=== What this task involves ===
Return the listing exactly, please; no pictures.
BEGIN The data
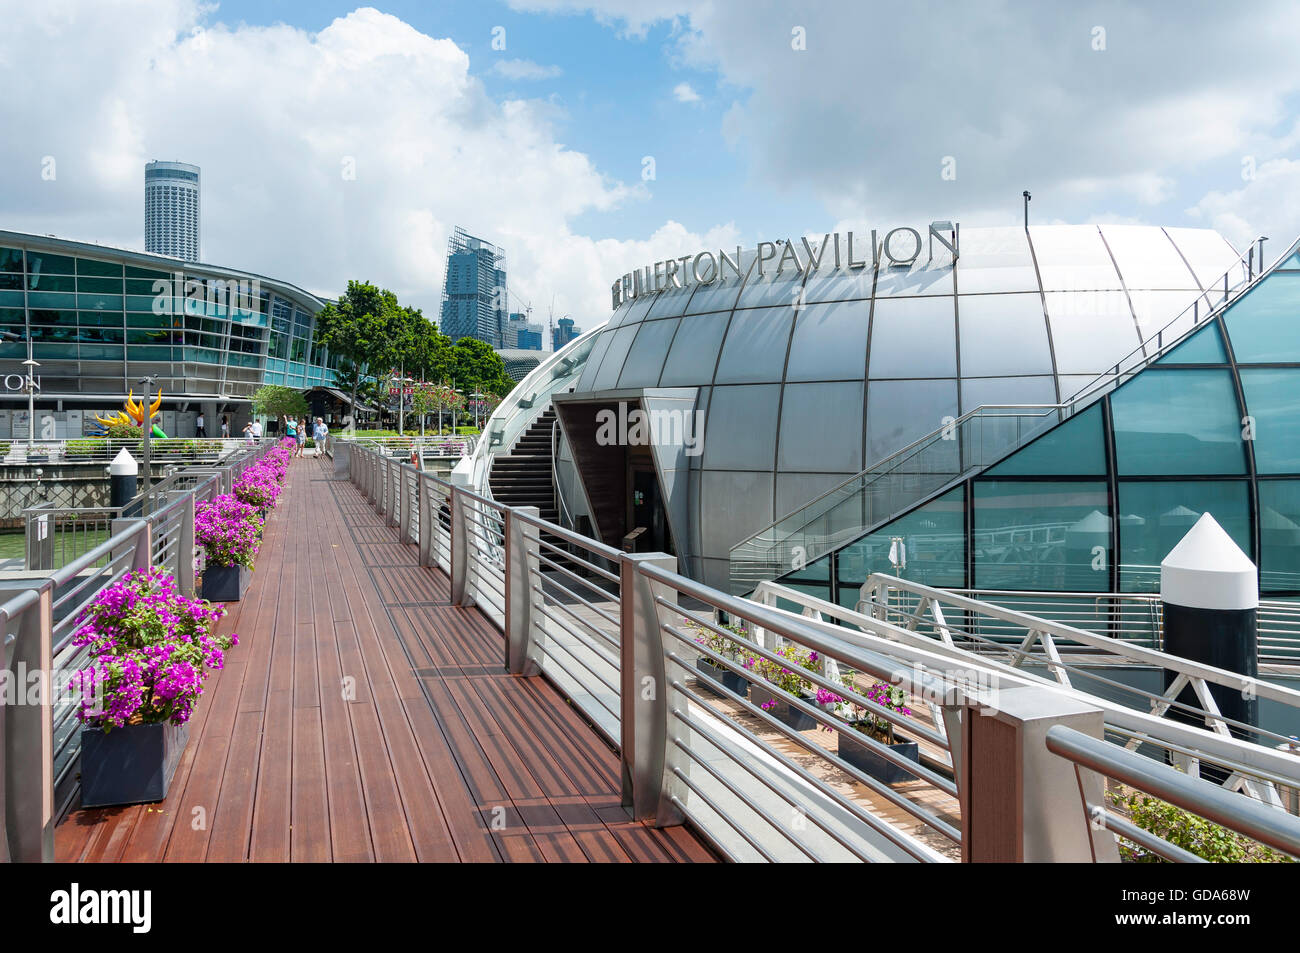 The Fullerton Pavilion, Clifford Square, Marina Bay, Central Area, Singapore Island (Pulau Ujong), Singapore - Stock Image
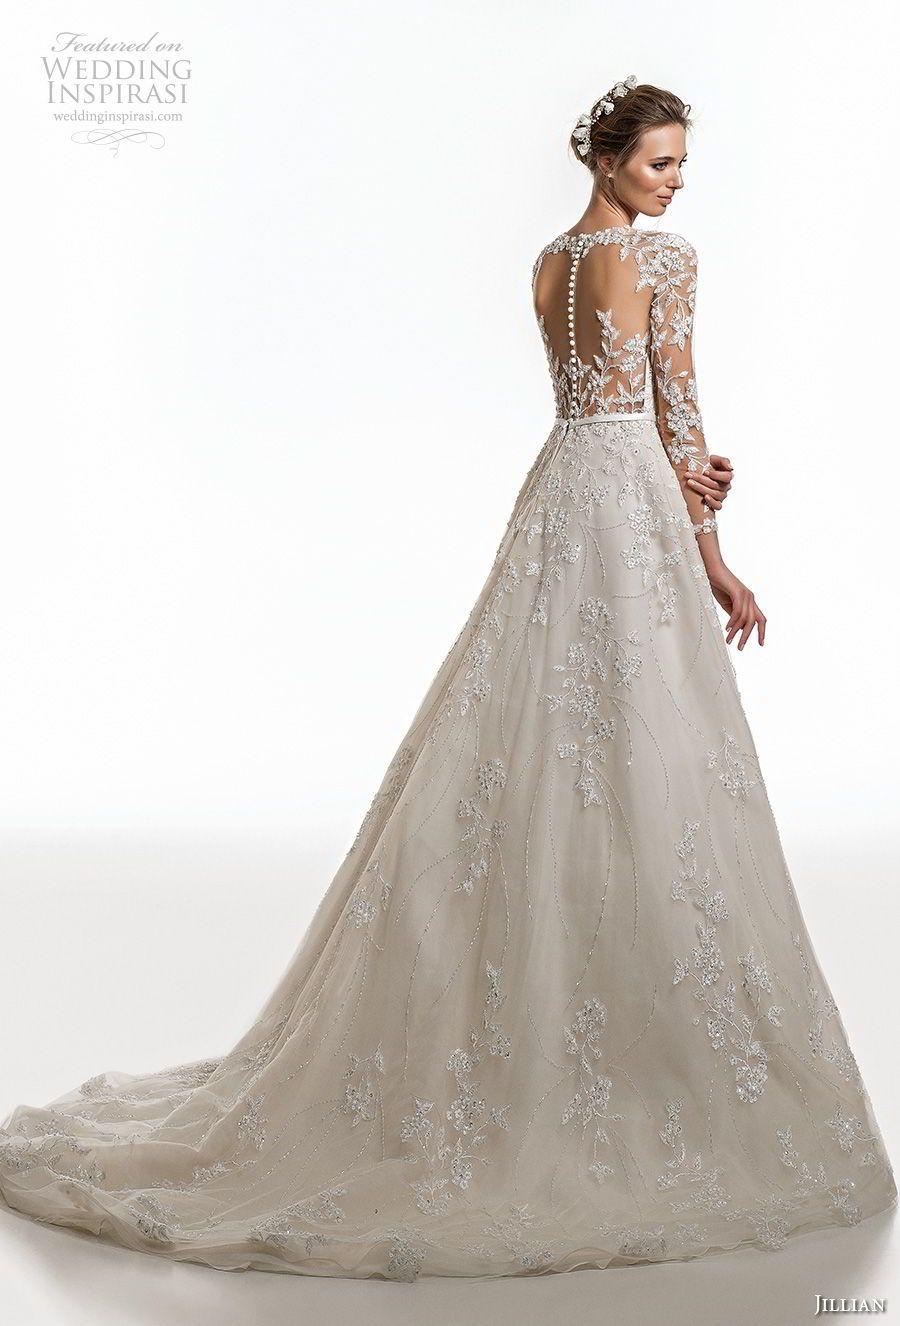 Jillian wedding dresses bella sposa ideas pinterest
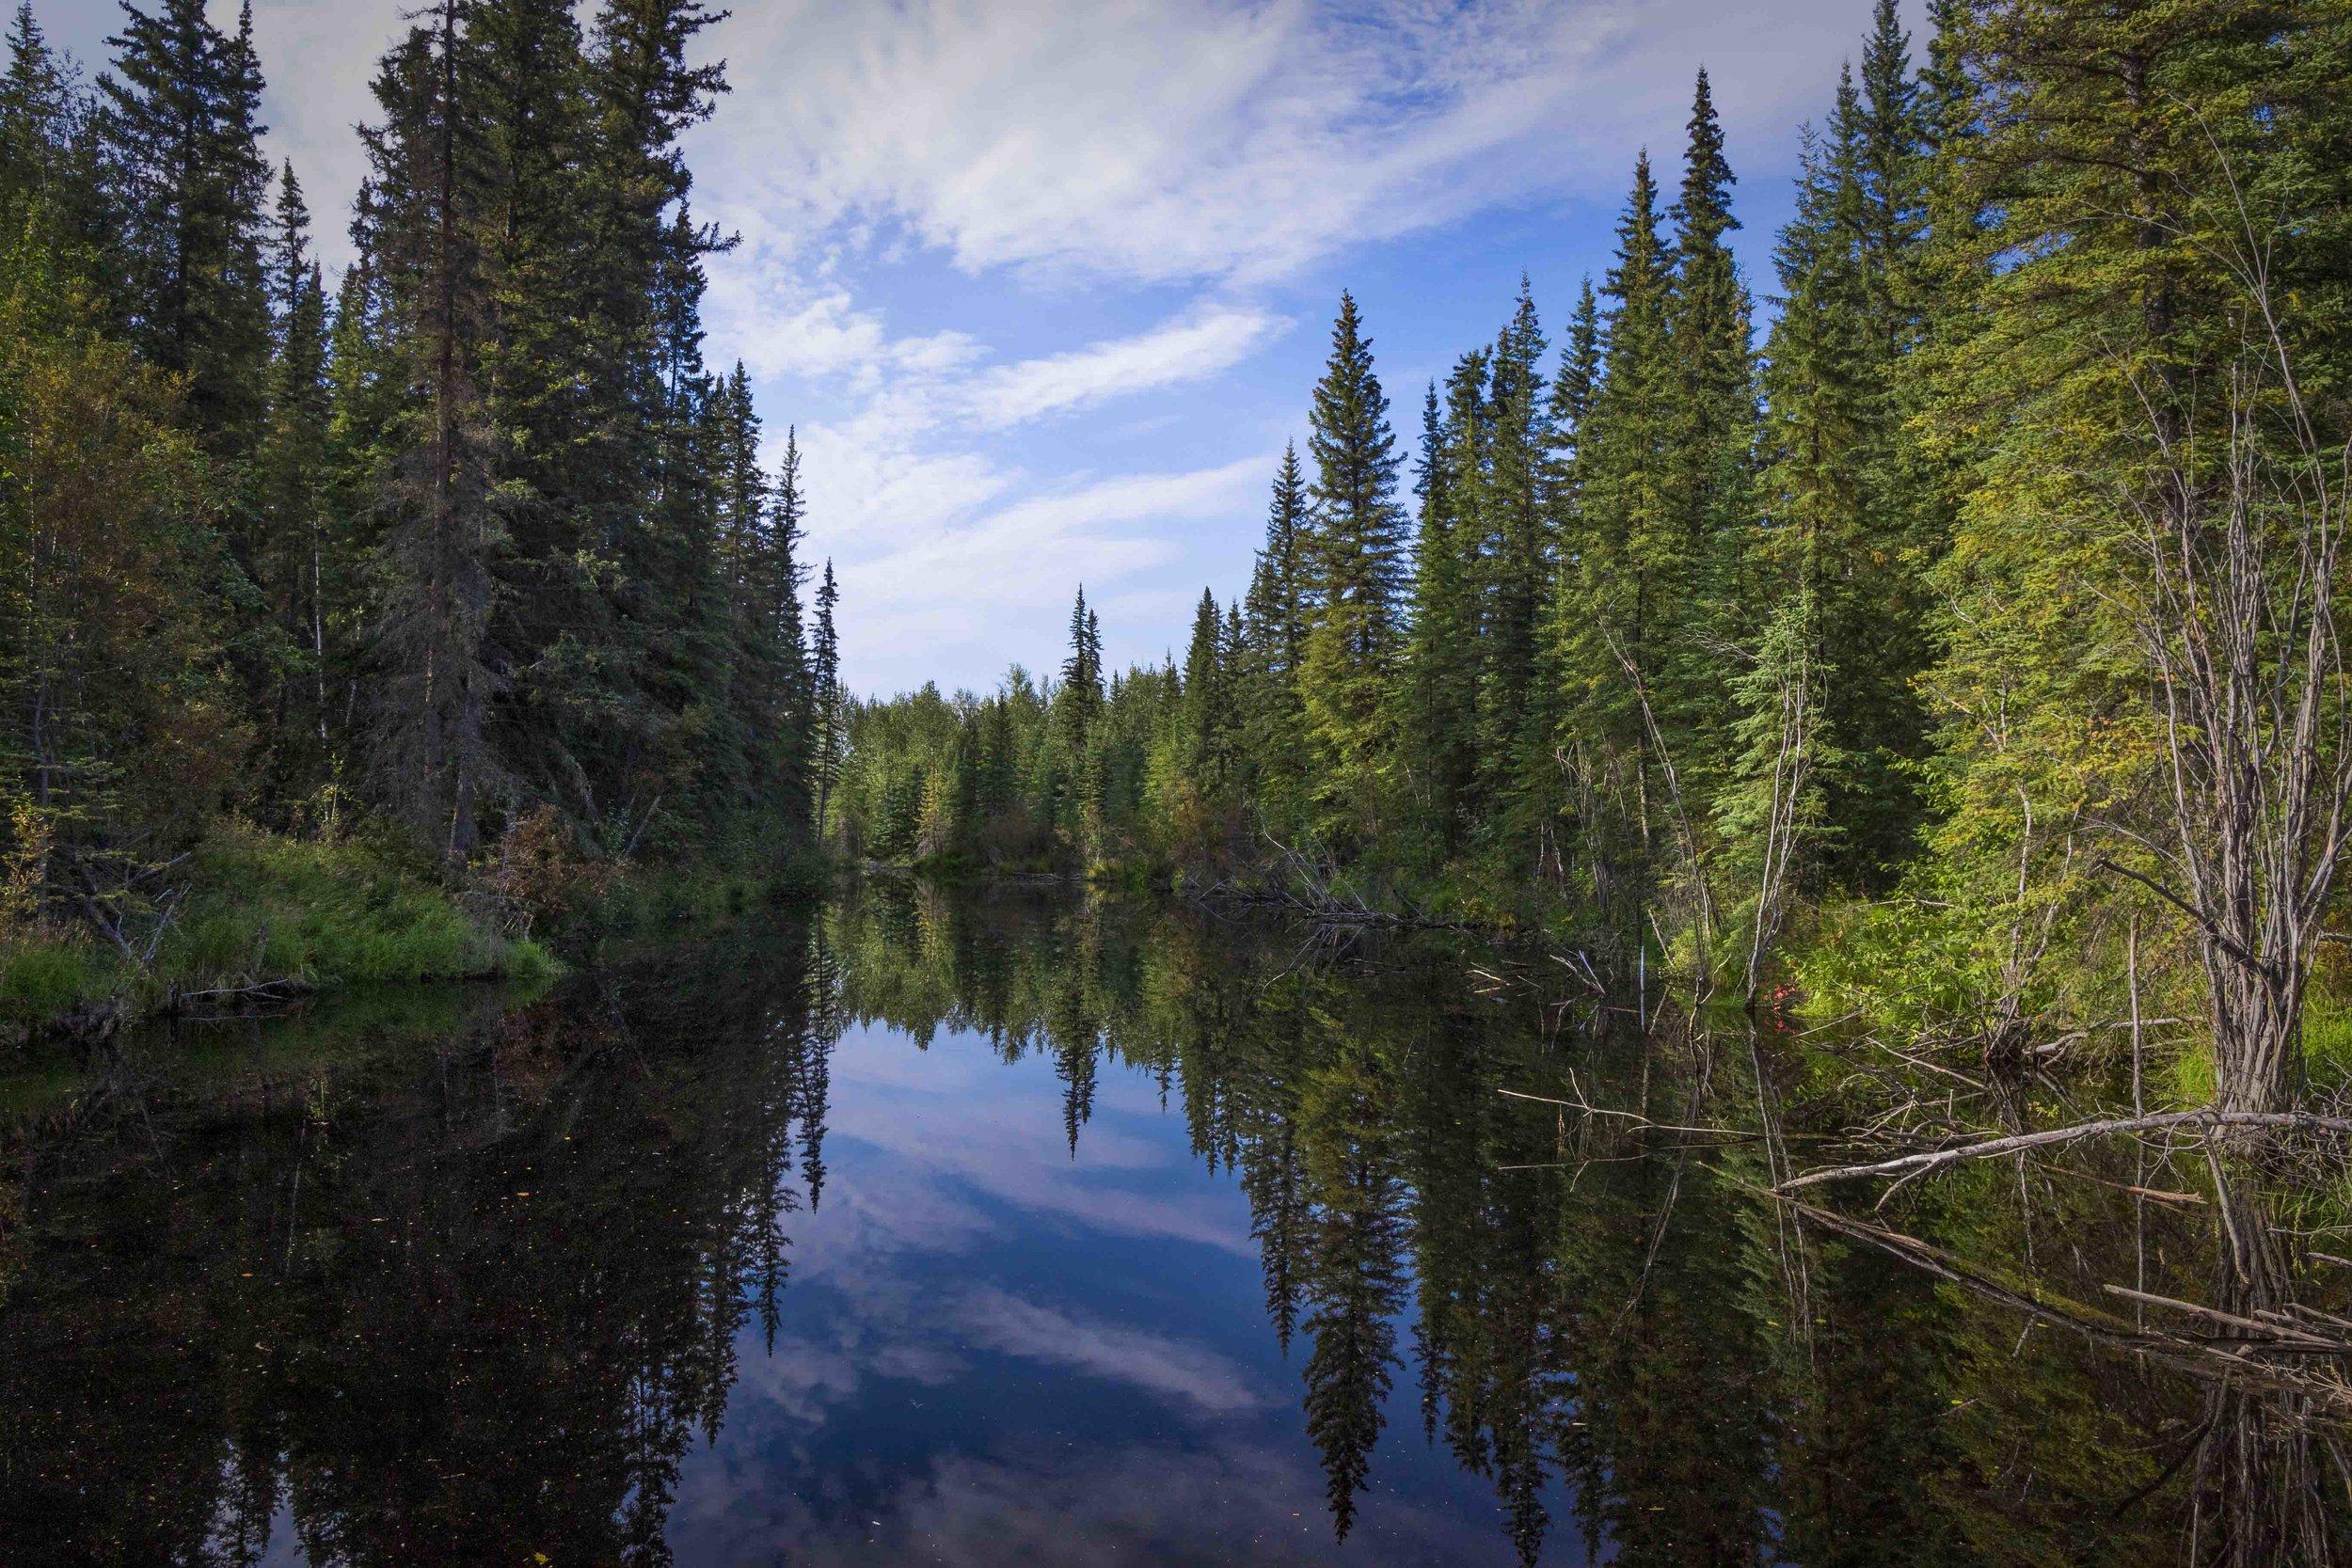 Dempster Highway, Roadtrip, Landscape, Arctic, rob gubiani, Tundra, Tombstone, Tuktoyuktuk, Inuvik, Dempster, Yukon, travel, wanderlust, boreal, forest, boreal forest, mirror,
END The data
=== Answer for this exercise ===
 The Fullerton Pavilion, Clifford Square, Marina Bay, Central Area, Singapore Island (Pulau Ujong), Singapore - Stock Image
 Jillian wedding dresses bella sposa ideas pinterest
 Dempster Highway, Roadtrip, Landscape, Arctic, rob gubiani, Tundra, Tombstone, Tuktoyuktuk, Inuvik, Dempster, Yukon, travel, wanderlust, boreal, forest, boreal forest, mirror,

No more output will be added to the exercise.